Lent is over, which means my trial of being as strict about the sugar-free diet as we are with Logan is over, too. And thank God. I have to admit I came nowhere near eating as well as Logan–I had to cheat and have a few beers (especially when I finished my MBA a few weeks ago!), I had to be able to order Jimmy John’s for lunch when I would forget to pack my own (which was often), and I had to just plain cave and indulge in dessert with my husband a few times. I always knew that life with autism is tough for Logan, and now I know how extra hard we’re making it by not letting him enjoy the snacks and treats other kids all get to eat.
A few weeks ago, I was invited to read as a part of the annual Twin Cities Literary Festival, hosted by Cracked Walnut, which organizes literary readings around Minneapolis and St. Paul. The theme of the night was “Hooked,” and I and the other readers that night were supposed to read pieces somehow related to addiction. This was in the middle of my sugar fast, and sugar addiction was all I could think about. Here’s an excerpt from what I wrote and read for that night.

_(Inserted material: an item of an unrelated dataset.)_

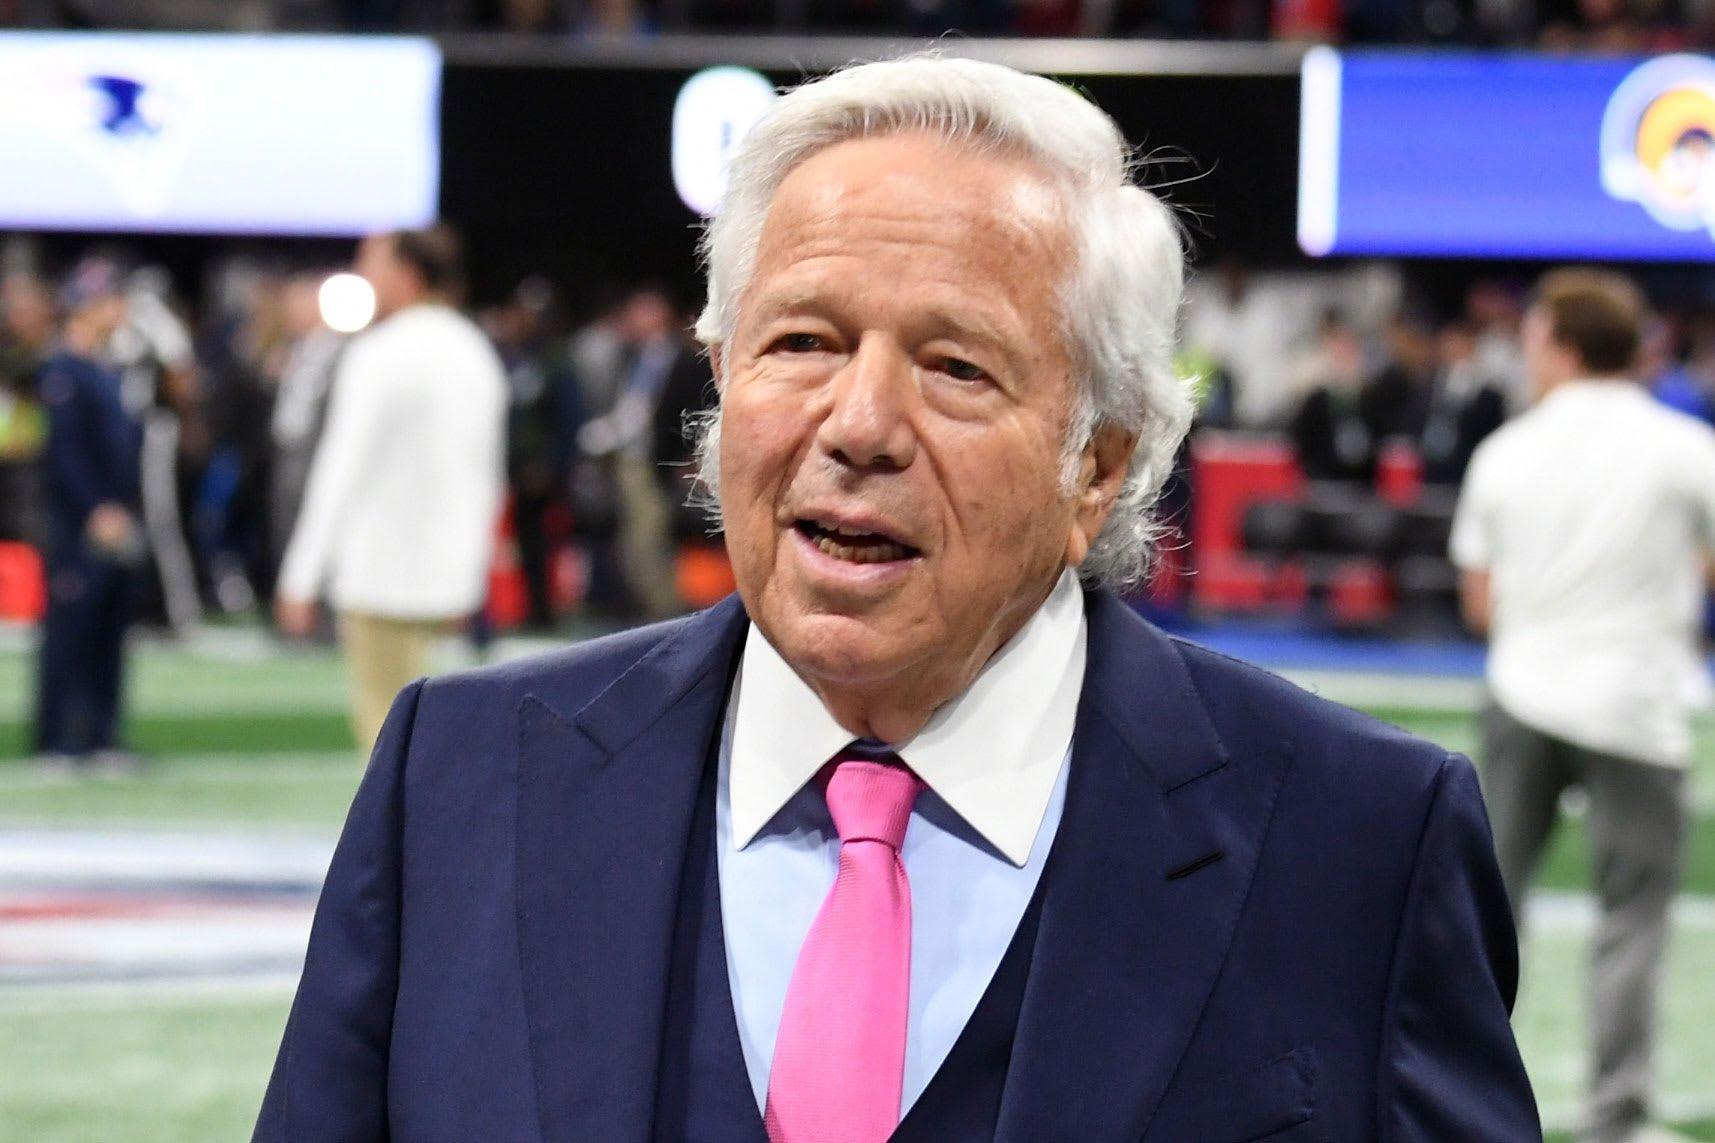 Propietario de los Patriots pone a subasta su anillo de Super Bowl

… Now the night outside tumbles black through the window, just like I feel inside, like Guinness spilled in a parking lot. My body feels groggy and heavy, and I should probably just go to sleep. Instead I bang the kitchen cupboard doors open and closed. I rummage through the backs of them, looking behind bottles of vitamins and boxes of tea bags. Chamomile, and lemon with honey. The color of Logan’s soft, 4-year-old hair.

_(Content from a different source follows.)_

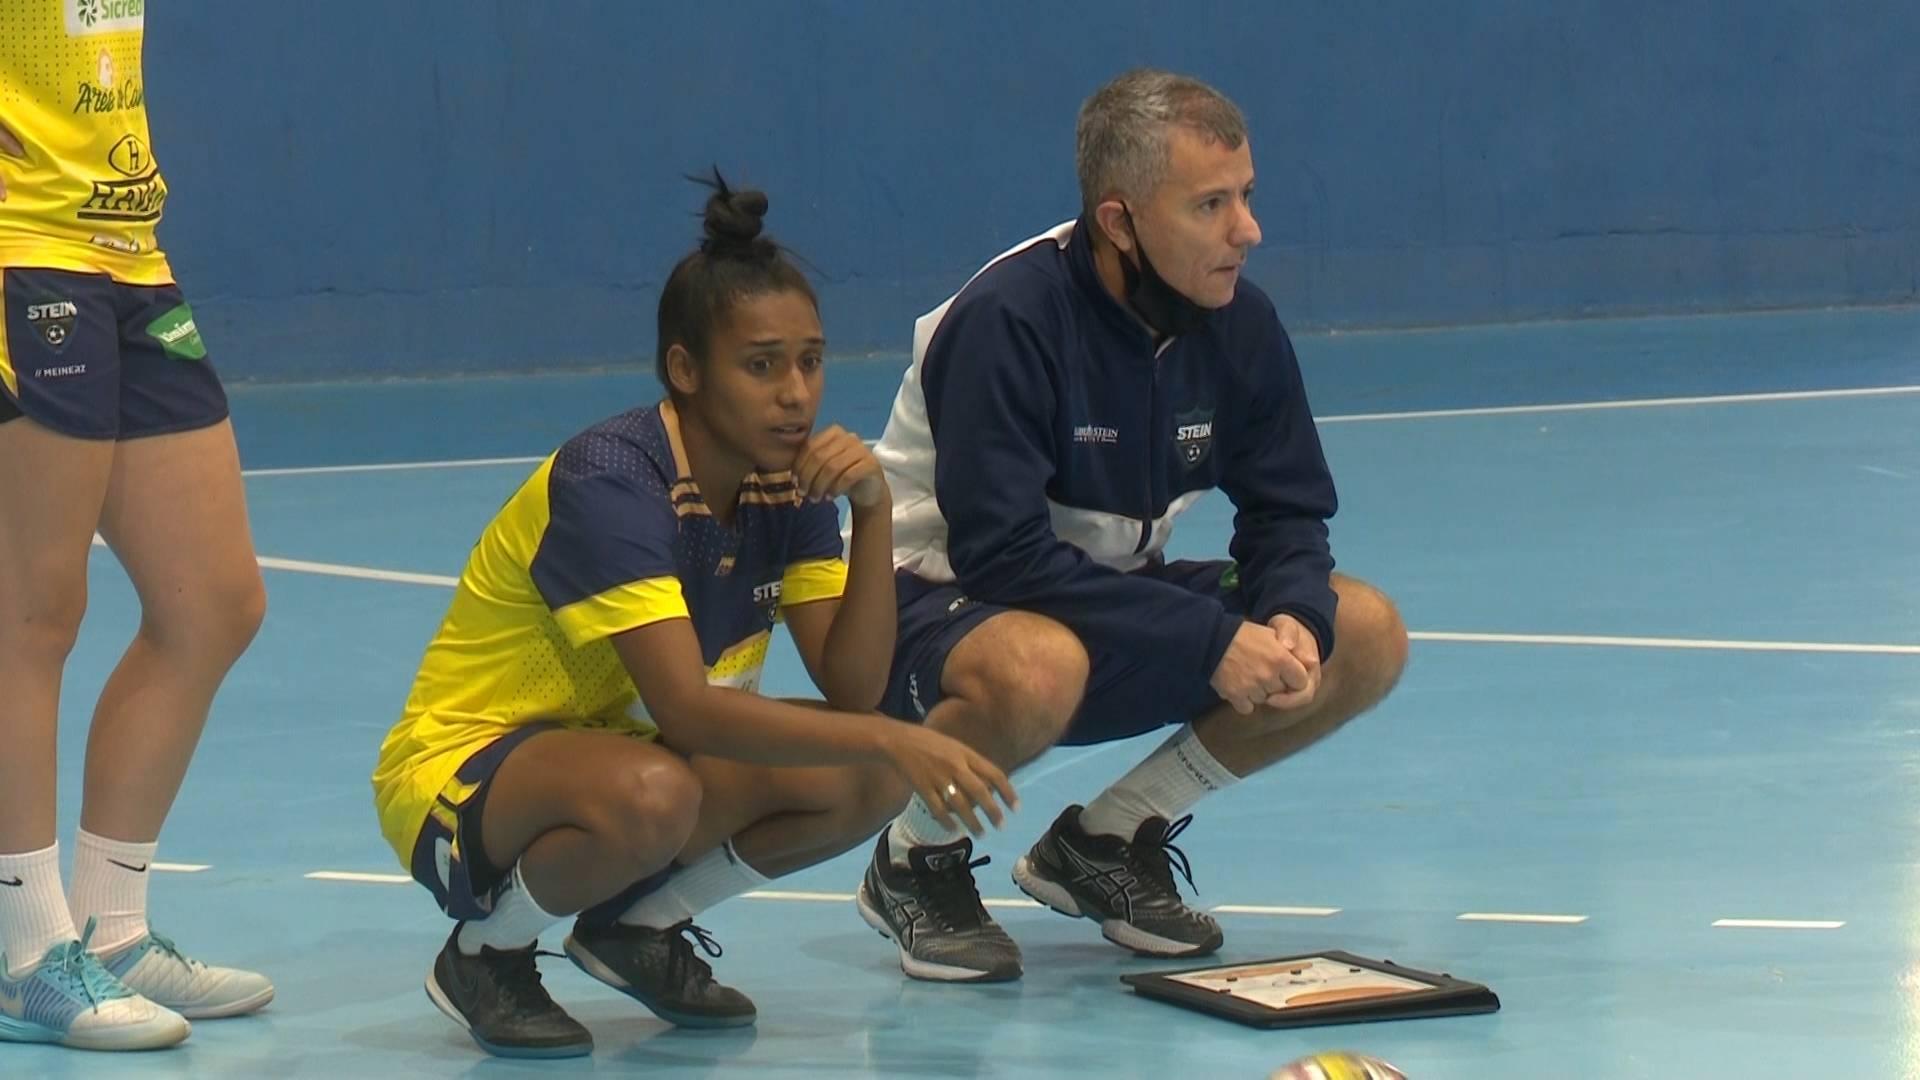 Jackinha é novo reforço do Stein Cascavel Futsal

“Goddamn it, why isn’t there anything in here?” I mutter.
I am hungry. Check that—I am starving. I had given up sugar a few days ago out of fairness to my son, whom we’d taken off sugar, gluten, and dairy a few months ago in hopes of killing off the excess of yeast in his digestive track and therefore treating his autism. It is promising—he has fewer meltdowns now and more conversational skills, it seems—but man, is following the diet hard. The dairy wasn’t too bad—luckily, Logan loves coconut milk and quinoa milk. The gluten actually wasn’t too bad, either—I suppose the silver lining in the rise in food allergies and intolerance is that there are plenty of products available today that are gluten-free.
But sugar is another story.
Spaghetti sauce, pizza, chicken noodle soup, rice cakes, baked beans, mayonnaise—everything has sugar. Even most products claiming to be “sugar-free” really aren’t—honey, agave nectar, and molasses are all sugar far as the yeast in the gut is concerned. Not even the sugar in fruit is allowed on this diet, because it will still feed the yeast overgrowth.Me reading for Cracked Walnut
I stare at a jar of peanut butter and want to cry.
“Now you know what it’s like to be addicted,” my husband wryly observes.
F you, I scream inside, my sugar withdrawal tearing me apart and sending white stabs of pain through my temples. It’s been just three days, and it feels as though I haven’t given up just sugar but all food entirely.
“I just want a goddamn plain bagel with cream cheese! But that has sugar!”
“Excuses,” my husband says. “Cook the broccoli that’s in the fridge.”
Even though I’m so hungry it feels as though an empty, gray universe is slowly ballooning behind my eyes, vegetables actually sound worse than nothing. I don’t want vegetables—I want something hot, smooth, and comforting.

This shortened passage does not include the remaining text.